The transition to automated security does not mean guards become obsolete. Functions requiring physical presence — access control gates where manual credential verification is required, customer-facing reception security, physical incident response when law enforcement is delayed — remain appropriate for human guards. The emerging model deploys guards in their genuine areas of advantage while replacing the overnight patrol, wide-area surveillance, and perimeter monitoring functions with automated systems that outperform guards in those roles.

For clients currently spending 80% of their guard budget on overnight patrol functions, a hybrid model — RSOC-connected drones and robotic patrol for overnight coverage, guards for daytime access control — typically reduces security cost by 40–60% while improving coverage quality during the highest-risk overnight window.

How DSP Addresses This Challenge

DSP's Physical Security as a Service model replaces the staffing dependencies and turnover costs of traditional guard services with autonomous drone patrol, robotic units, and 24/7 RSOC monitoring — delivering consistent coverage at a predictable monthly cost.

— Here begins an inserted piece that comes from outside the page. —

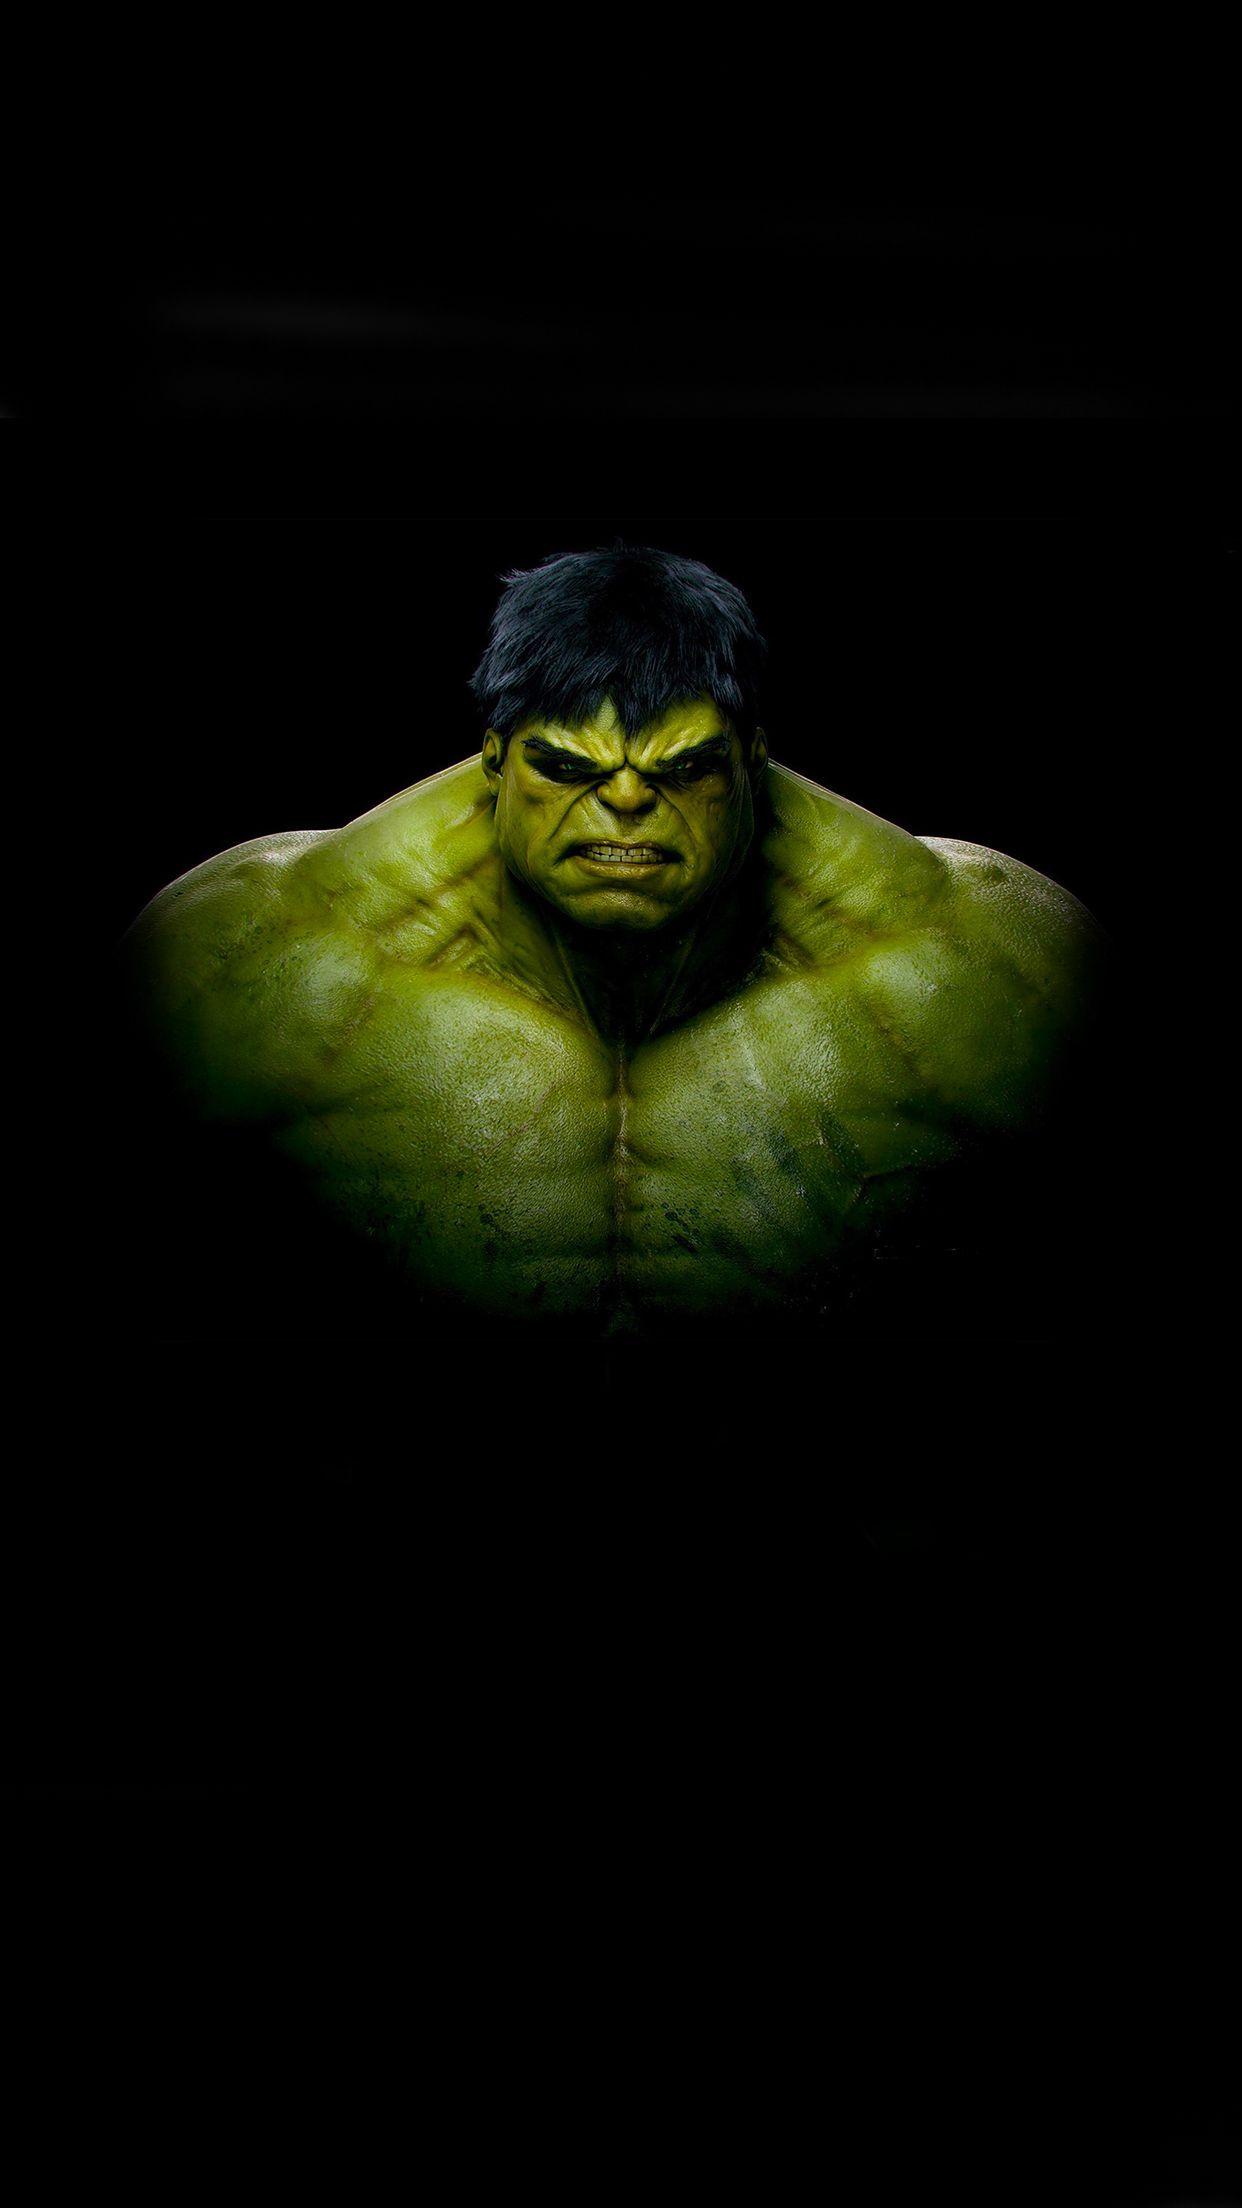 Hulk Iphone Hd Wallpapers Top Free Hulk Iphone Hd Backgrounds Wallpaperaccess Hulk Art Hulk Comic Marvel Superhero Posters

Frequently Asked Questions: The Security Guard Shortage

Why is there a security guard shortage?

The security guard shortage is driven by a combination of wage stagnation (median guard wages have been essentially flat in real terms since 2003 per CAP analysis), demanding working conditions (overnight shifts, isolated positions, high-risk environments), intense competition from better-paying industries, and an industry structure that has underinvested in career development and compensation. The result is 100–300% annual turnover at many guard companies, creating a perpetual replacement cycle that cannot keep pace with demand.

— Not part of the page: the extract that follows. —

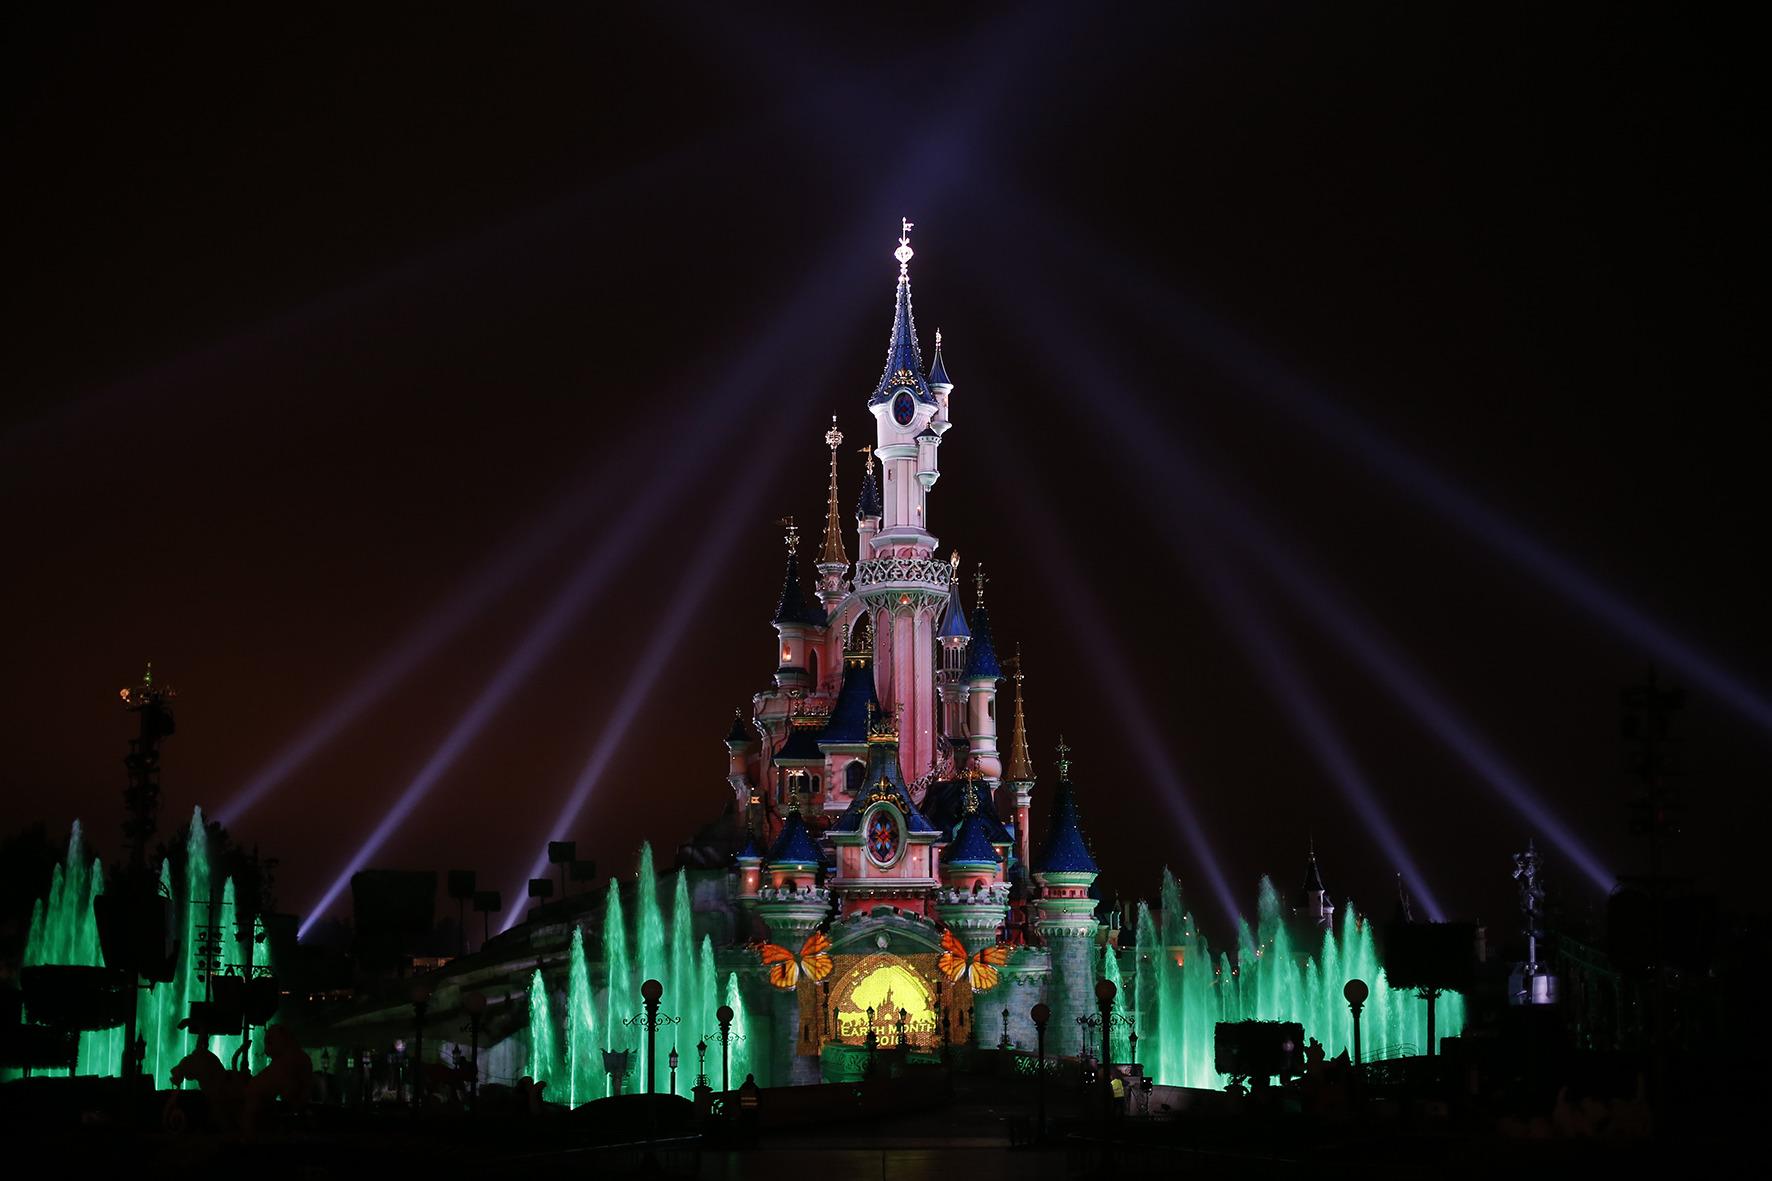 2019 - Disneynature Dn00110

How does guard turnover affect the security I'm receiving?

High guard turnover means the person patrolling your property tonight may have been assigned there for the first time — without site-specific knowledge, without familiarity with your protocols, and without the established situational awareness that effective guarding requires. It also increases the probability of shift coverage gaps when turnover creates unfilled positions, and reduces the quality of the security presence during the critical overnight hours when guard fatigue and motivation are at their lowest.

Is automated security a real alternative to security guards?

For the functions where guards perform least reliably — overnight patrol, wide-area perimeter surveillance, consistent monitoring of large outdoor spaces — automated security technology is a demonstrably superior alternative at lower cost. Drones, robotic patrol systems, and RSOC monitoring deliver consistent, documented coverage without fatigue, turnover, or the wage escalation pressure that is making guard services increasingly expensive. For functions requiring physical presence and human judgment, guards remain the appropriate choice — but those functions represent a minority of typical guard contract hours.

Will security robots replace all security guards?

No — but they are replacing the specific functions where guards add the least value and perform least reliably. The industry consensus, reflected in BLS employment projections (0% net growth through 2034), is that technology augments rather than eliminates the guard workforce. What is changing is the ratio: the optimal security program in 2026 uses significantly fewer guards — deployed for their genuine strengths — supported by significantly more technology than programs designed five or ten years ago.